To assess the in vivo tumor-killing ability of CITR CAR-T cells, we established a mouse subcutaneous tumor model using 786-0 tumor cells and injected mock T, untreated, or CITR CAR-T cells via the tail vein (Figure 4A). Both CAR-T and CITR CAR-T cells effectively inhibited tumor growth during the first 16 days post-injection. However, mice treated with CITR CAR-T cells showed a significantly lower tumor burden, as indicated by bioluminescence imaging (BLI) radiance (Figures 4B, C) and tumor volume measurements (Figure 4D). While local recurrence occurred in all mice in the untreated CAR-T cell group, tumors in the CITR CAR-T cell group remained inhibited throughout the experiment, suggesting superior persistence of CITR CAR-T cells in vivo.

Figure 4

Figure 4. Sodium citrate-pretreated CAR-T cells exhibited enhanced anti-solid tumor activity and reduce cancer relapse in mice. (A) Experimental setup: 786-0 tumor cells were subcutaneously injected into NKG mice on day 0. PBS, mock T cells, untreated anti-CD70 CAR-T cells, or sodium citrate-pretreated anti-CD70 CAR-T cells were injected via tail vein on day 16. (B, C) BLI images (B) and tumor growth quantification (C) at indicated time points (n = 5). (D) Tumor volumes over time for each group (n = 6). (E, F) Flow cytometry analysis of CAR-T cell number (E) and percentage (F) in peripheral blood at day 6 (n = 6). (G) CD62L expression in CAR-T cells from peripheral blood (n = 6). (H) PD-1 and LAG-3 expression in CAR-T cells from peripheral blood (n = 6). (I) Representative IHC staining for CD3 in tumor tissues from NKG mice treated with untreated or sodium citrate-pretreated CAR-T cells. Scale bar = 100 μm. (J) Body weight changes of mice throughout the experiment (n = 6). (K) Representative H&E staining of heart, liver, spleen, lungs, kidneys and brain from mock T, untreated CAR-T, and sodium citrate-pretreated CAR-T groups. Scale bar = 100 μm. Results were expressed as mean ± SD. Statistical significance was determined by t-test (E–G) and two-way ANOVA (H). ***p < 0.001.

Six days after CAR-T cell injection, peripheral blood was collected from mice for flow cytometry analysis. The results revealed that the number and proportion of CAR-T cells were significantly higher in the CITR CAR-T group compared to the untreated CAR-T group (Figures 4E, F). Further analysis showed increased expression of the memory T cell marker CD62L (Figure 4G), reduced expression of exhaustion markers PD-1 and LAG-3 in CITR CAR-T cells (Figure 4H), and enhanced CAR-T cell infiltration in the tumors of the CITR CAR-T group (Figure 4I).

To evaluate the safety of CITR CAR-T cells, we monitored the body weight of mice throughout the study. Mice in the CITR CAR-T group maintained relatively higher body weights compared to those in the other groups (Figure 4J). Additionally, H&E staining of major organs, including heart, liver, spleen, lung, kidney and brain) revealed no significant organ damage in the CITR CAR-T group compared to the mock T cells (Figure 4K). In summary, sodium citrate supplementation enhanced the anti-tumor efficacy, particularly the anti-recurrence ability, of CAR-T cells, without compromising their safety.

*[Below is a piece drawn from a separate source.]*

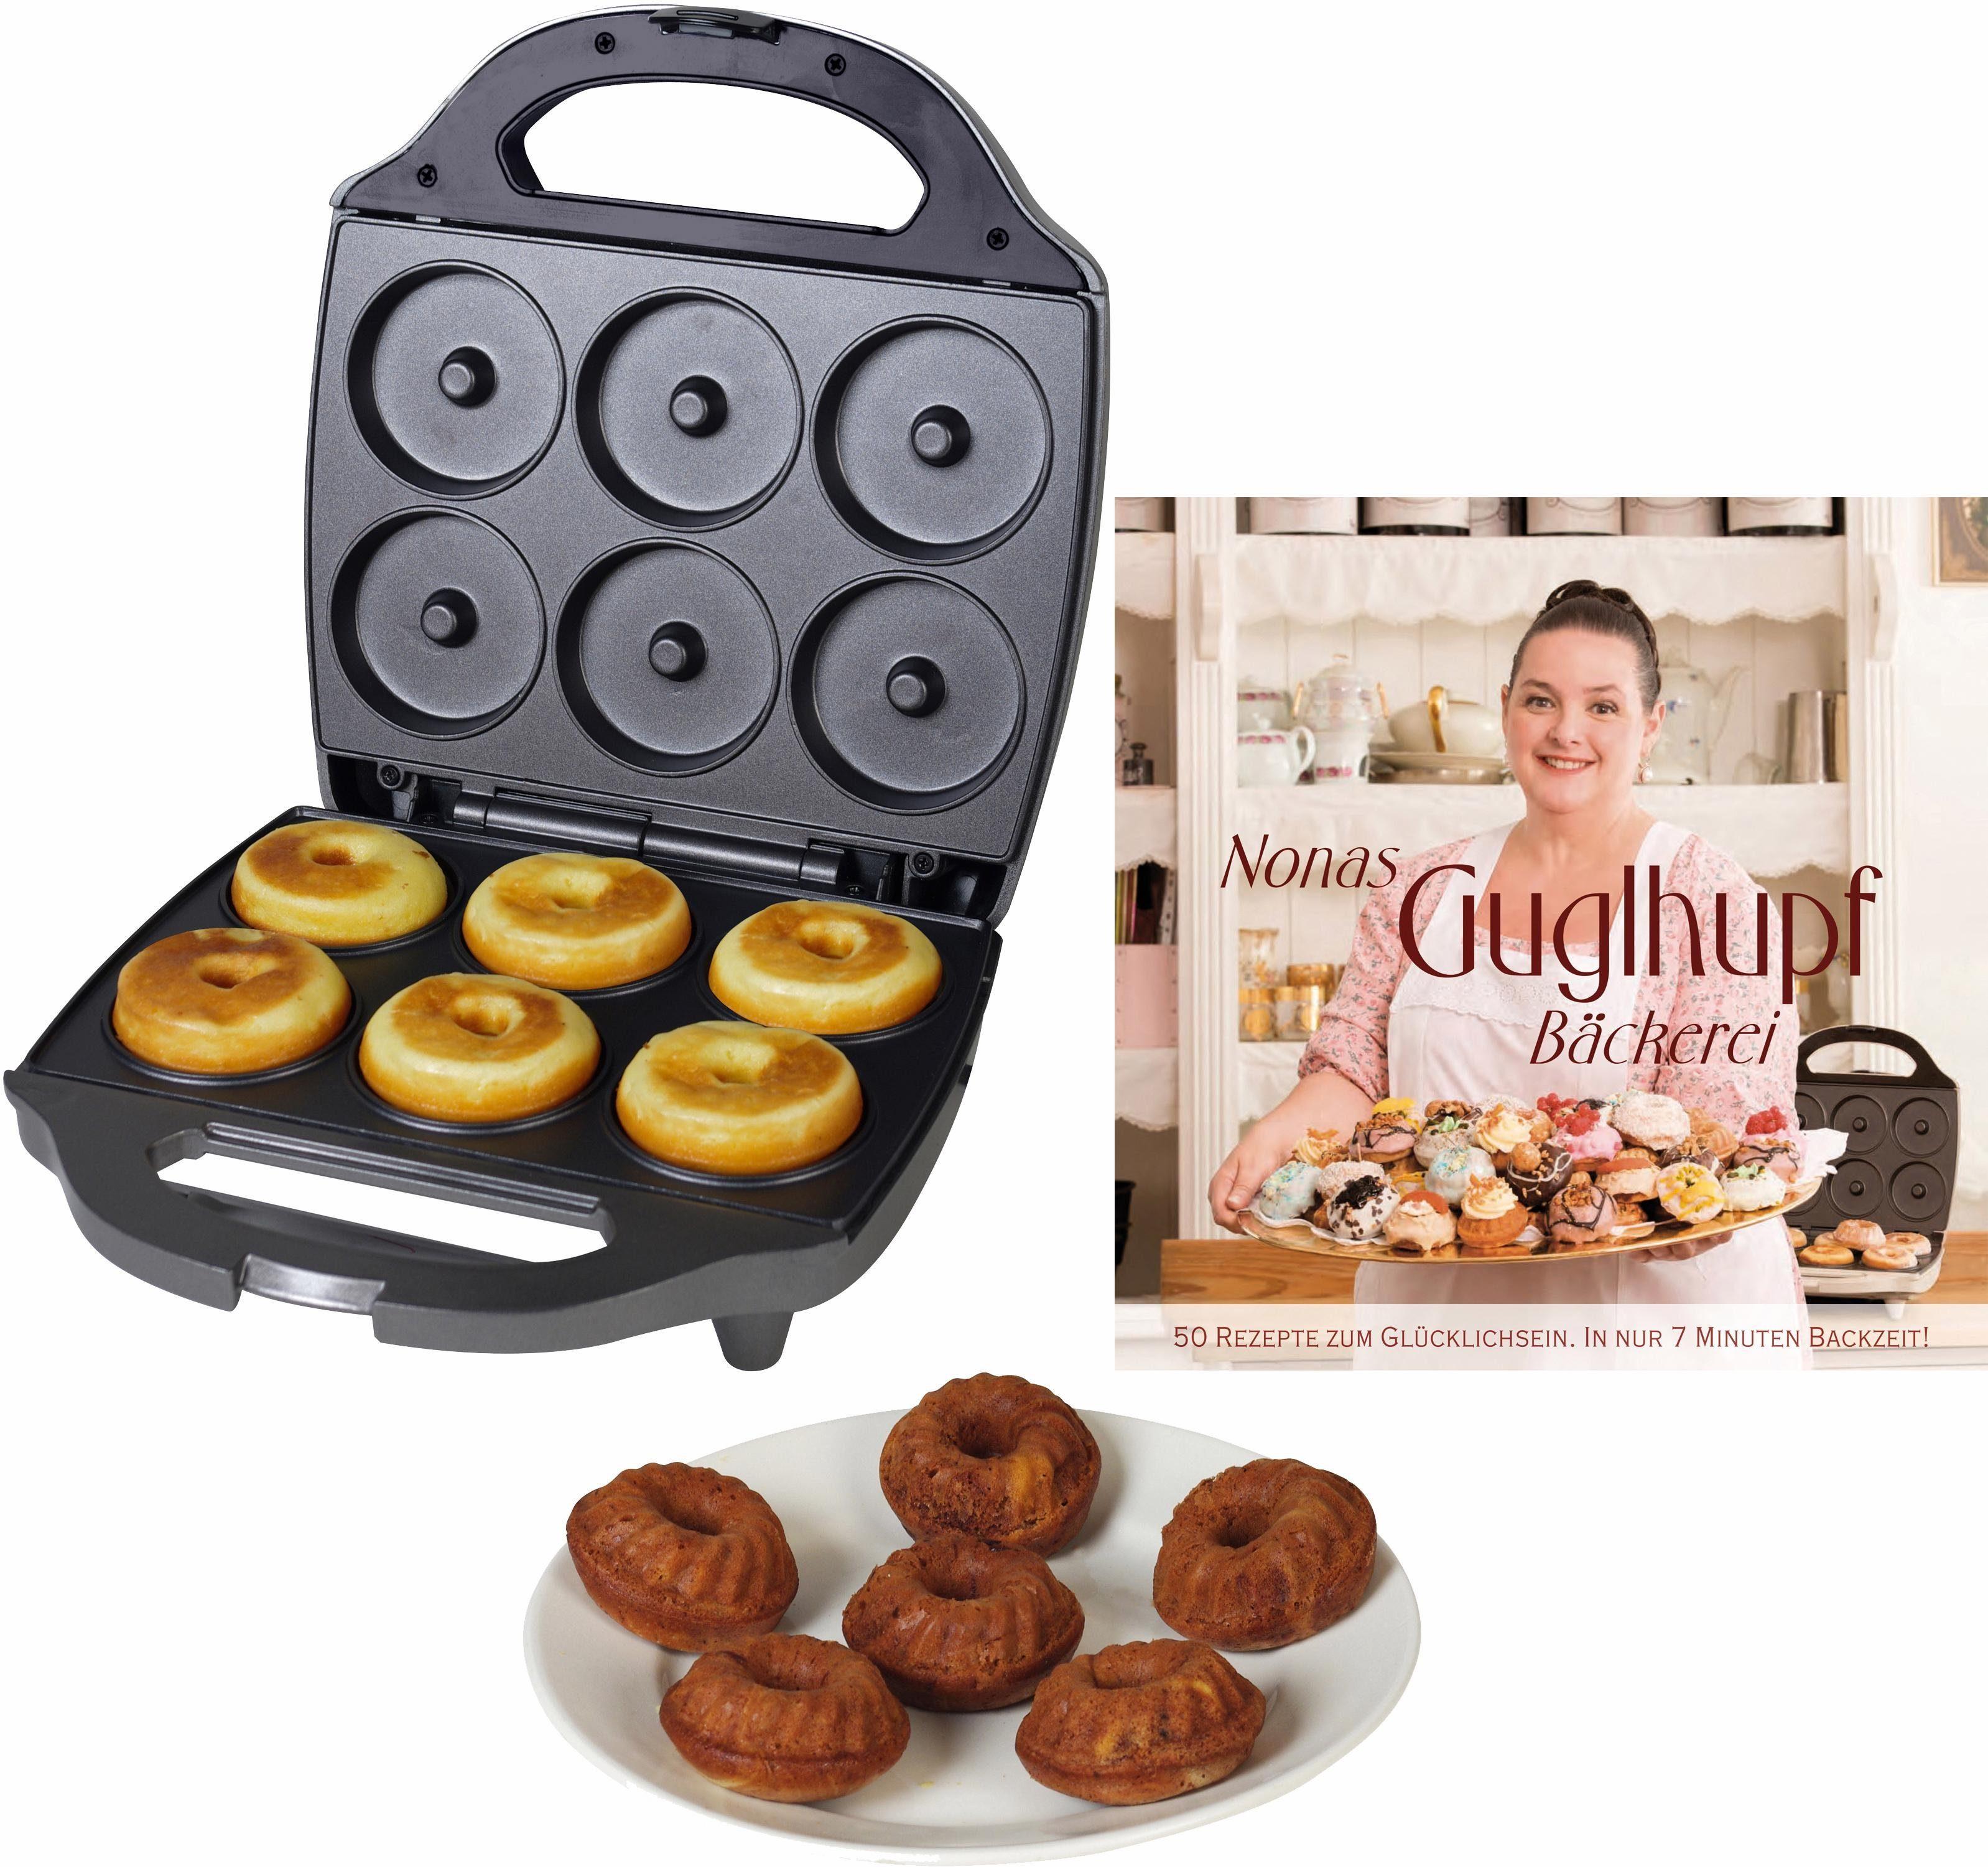 Kalorik Waffeleisen Cupcake Maker TKG CKM 1002 NYC RB, 900 Watt, inkl. Backbuch mit 50 Rezepten

3.5 Sodium citrate reduced exhaustion and increased anti-tumor capacity of anti-MSLN CAR-T cells

In previous work, we developed anti-MSLN CAR-T cells for the treatment of mesothelin-positive cancers (Figure 5A) (39). To assess whether the beneficial effects of sodium citrate observed in anti-CD70 CAR-T cells could be extended to anti-MSLN CAR-T cells, we treated these cells with sodium citrate. Supplementation with sodium citrate did not significantly affect the CAR-positive rate (Figure 5B). As seen in anti-CD70 CAR-T cells, sodium citrate treatment upregulated CD62L expression in anti-MSLN CAR-T cells (Figure 5C) and reduced the expression of exhaustion markers (Figures 5D–F). Furthermore, when sodium citrate-pretreated CAR-T cells were co-cultured with Capan-2 and HCC1806 cells, they exhibited enhanced tumor-killing activity, particularly at lower E:T ratios (Figures 5G, H). Together, the role of sodium citrate in reducing exhaustion and enhancing anti-tumor activity is verified in both anti-CD70 and anti-MSLN CAR-T cells.

Figure 5

Figure 5. Sodium citrate alleviated exhaustion and enhanced anti-tumor activity of anti-MSLN CAR-T cells. (A) Schematic representation of the anti-MSLN CAR construct. (B) Representative flow cytometric analysis of anti-MSLN CAR expression in CAR-T cells with or without sodium citrate treatment. (C–F) Positive rates of CD62L (C), PD-1 (D), LAG-3 (E), and TIM-3 (F) in CAR-T and CITR CAR-T cells. (G, H) Cytotoxicity of CAR-T and CITR CAR-T cells co-cultured with Capan-2 (G) and 1806 (H) cells at indicated E:T ratios for 6 hours, assessed by one-lite luciferase assay system. Results were expressed as mean ± SD from at least 3 independent donors. Statistical significance was determined by t-test (C–F) and two-way ANOVA (G, H). ns, not significant, *p < 0.05, **p < 0.01, ***p < 0.001.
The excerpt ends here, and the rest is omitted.